In the data below, find the line that contains "Leia mais sobre" and the line that contains "Vase of Flowers". Copy both, plus every line between them, exactly.

____ Study material

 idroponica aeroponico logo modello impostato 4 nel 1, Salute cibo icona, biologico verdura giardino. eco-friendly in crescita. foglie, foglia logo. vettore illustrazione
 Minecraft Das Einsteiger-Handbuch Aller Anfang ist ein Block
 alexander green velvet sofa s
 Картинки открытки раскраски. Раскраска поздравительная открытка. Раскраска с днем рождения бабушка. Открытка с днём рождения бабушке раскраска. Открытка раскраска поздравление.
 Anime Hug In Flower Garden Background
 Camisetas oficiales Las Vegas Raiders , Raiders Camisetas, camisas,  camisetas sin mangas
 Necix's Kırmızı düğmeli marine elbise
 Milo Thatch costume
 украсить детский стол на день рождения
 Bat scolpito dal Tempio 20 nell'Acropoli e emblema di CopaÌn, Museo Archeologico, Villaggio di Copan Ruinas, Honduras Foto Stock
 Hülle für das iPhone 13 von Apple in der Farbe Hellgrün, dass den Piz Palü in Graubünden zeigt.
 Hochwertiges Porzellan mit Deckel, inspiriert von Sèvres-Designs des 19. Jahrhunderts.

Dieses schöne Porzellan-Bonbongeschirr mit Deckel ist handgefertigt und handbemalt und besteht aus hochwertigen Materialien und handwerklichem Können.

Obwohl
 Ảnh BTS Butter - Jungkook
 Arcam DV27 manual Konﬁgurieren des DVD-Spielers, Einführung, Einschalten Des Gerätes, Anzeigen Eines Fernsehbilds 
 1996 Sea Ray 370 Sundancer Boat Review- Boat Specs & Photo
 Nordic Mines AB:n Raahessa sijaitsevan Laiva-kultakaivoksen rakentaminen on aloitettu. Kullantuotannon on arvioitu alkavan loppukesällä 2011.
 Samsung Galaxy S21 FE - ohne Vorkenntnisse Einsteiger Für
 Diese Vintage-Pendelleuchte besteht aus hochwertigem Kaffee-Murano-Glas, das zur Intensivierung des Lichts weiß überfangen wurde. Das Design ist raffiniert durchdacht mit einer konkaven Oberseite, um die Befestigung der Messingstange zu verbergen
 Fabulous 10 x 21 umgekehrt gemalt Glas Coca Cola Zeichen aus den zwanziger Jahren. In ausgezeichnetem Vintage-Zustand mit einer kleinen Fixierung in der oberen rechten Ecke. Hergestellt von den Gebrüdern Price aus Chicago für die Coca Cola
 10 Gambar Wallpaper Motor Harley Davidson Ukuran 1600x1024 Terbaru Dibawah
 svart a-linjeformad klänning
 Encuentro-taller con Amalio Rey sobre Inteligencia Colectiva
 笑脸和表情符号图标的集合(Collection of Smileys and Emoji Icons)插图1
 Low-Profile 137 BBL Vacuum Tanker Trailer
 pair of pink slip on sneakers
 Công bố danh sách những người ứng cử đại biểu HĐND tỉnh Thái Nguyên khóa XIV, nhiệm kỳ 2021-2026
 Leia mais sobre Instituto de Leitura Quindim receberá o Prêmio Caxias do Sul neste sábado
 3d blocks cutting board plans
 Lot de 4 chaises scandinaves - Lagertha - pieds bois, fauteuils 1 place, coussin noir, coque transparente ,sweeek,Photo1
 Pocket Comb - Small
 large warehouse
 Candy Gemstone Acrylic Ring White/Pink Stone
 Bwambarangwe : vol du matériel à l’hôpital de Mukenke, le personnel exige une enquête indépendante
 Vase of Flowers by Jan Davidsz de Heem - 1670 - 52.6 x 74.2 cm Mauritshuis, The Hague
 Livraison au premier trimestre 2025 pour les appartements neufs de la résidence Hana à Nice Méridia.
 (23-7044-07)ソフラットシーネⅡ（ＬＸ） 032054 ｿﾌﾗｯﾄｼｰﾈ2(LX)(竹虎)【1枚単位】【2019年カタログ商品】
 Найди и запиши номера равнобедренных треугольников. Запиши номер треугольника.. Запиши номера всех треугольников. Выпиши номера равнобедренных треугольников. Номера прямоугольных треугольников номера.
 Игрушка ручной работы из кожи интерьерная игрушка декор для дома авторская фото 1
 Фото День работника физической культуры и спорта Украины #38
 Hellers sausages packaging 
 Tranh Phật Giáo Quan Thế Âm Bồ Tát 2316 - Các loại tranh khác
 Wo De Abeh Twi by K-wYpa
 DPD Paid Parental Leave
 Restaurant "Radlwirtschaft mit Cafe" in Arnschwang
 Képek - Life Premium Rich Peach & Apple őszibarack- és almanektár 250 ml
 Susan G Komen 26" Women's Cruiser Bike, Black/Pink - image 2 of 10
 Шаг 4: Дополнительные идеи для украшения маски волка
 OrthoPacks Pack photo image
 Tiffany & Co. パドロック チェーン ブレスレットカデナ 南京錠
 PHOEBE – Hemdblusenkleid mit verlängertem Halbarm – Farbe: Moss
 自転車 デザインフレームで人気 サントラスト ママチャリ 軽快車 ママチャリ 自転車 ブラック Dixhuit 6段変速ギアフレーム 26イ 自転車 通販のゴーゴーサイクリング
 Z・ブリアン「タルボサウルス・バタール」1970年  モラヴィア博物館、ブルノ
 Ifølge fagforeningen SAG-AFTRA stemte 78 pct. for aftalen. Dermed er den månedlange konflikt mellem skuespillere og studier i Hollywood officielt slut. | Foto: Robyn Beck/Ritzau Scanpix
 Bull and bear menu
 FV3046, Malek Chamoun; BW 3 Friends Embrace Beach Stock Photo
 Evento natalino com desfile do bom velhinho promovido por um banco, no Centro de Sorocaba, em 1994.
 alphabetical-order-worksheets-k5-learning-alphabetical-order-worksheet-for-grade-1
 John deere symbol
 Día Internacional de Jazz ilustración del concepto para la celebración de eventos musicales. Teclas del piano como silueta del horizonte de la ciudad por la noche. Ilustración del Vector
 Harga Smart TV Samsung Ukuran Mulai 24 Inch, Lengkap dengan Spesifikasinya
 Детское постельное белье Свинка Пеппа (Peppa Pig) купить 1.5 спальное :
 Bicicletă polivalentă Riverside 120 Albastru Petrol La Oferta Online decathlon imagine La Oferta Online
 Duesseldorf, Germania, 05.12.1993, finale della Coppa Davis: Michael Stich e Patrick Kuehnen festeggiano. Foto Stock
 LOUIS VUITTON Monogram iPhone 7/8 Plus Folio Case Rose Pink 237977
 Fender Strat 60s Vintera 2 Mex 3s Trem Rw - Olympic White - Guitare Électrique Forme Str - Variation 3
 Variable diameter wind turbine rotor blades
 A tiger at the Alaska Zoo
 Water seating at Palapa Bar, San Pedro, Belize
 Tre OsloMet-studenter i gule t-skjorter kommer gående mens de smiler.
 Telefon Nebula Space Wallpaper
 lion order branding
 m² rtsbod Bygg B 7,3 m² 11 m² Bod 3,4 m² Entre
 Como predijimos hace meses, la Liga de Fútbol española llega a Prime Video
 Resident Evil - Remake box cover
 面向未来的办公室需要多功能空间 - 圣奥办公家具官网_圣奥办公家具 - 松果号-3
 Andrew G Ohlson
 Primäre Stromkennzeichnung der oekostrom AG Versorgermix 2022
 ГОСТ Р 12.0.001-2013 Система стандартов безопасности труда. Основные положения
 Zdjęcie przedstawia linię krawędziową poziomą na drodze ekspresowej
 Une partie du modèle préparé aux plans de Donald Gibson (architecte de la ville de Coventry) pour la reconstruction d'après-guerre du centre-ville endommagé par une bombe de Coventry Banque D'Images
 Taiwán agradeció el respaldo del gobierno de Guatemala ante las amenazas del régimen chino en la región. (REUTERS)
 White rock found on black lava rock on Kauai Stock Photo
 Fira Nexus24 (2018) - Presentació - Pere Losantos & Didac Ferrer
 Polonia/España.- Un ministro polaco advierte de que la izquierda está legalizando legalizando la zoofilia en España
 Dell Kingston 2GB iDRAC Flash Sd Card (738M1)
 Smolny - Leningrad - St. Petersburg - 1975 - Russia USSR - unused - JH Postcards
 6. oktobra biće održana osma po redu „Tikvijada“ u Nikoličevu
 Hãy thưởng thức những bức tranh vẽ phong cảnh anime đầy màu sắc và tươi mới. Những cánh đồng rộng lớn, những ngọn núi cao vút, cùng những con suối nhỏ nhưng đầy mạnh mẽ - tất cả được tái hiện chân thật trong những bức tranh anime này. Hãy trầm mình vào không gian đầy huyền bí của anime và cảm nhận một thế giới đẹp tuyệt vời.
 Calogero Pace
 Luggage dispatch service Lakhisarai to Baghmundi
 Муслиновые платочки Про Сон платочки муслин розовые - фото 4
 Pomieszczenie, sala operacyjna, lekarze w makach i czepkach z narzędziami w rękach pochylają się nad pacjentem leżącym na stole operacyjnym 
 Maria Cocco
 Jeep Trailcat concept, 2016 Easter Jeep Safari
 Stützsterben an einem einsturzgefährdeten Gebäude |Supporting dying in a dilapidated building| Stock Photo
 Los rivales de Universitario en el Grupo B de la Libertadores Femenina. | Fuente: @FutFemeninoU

________

* Exercise solution:
 Leia mais sobre Instituto de Leitura Quindim receberá o Prêmio Caxias do Sul neste sábado
 3d blocks cutting board plans
 Lot de 4 chaises scandinaves - Lagertha - pieds bois, fauteuils 1 place, coussin noir, coque transparente ,sweeek,Photo1
 Pocket Comb - Small
 large warehouse
 Candy Gemstone Acrylic Ring White/Pink Stone
 Bwambarangwe : vol du matériel à l’hôpital de Mukenke, le personnel exige une enquête indépendante
 Vase of Flowers by Jan Davidsz de Heem - 1670 - 52.6 x 74.2 cm Mauritshuis, The Hague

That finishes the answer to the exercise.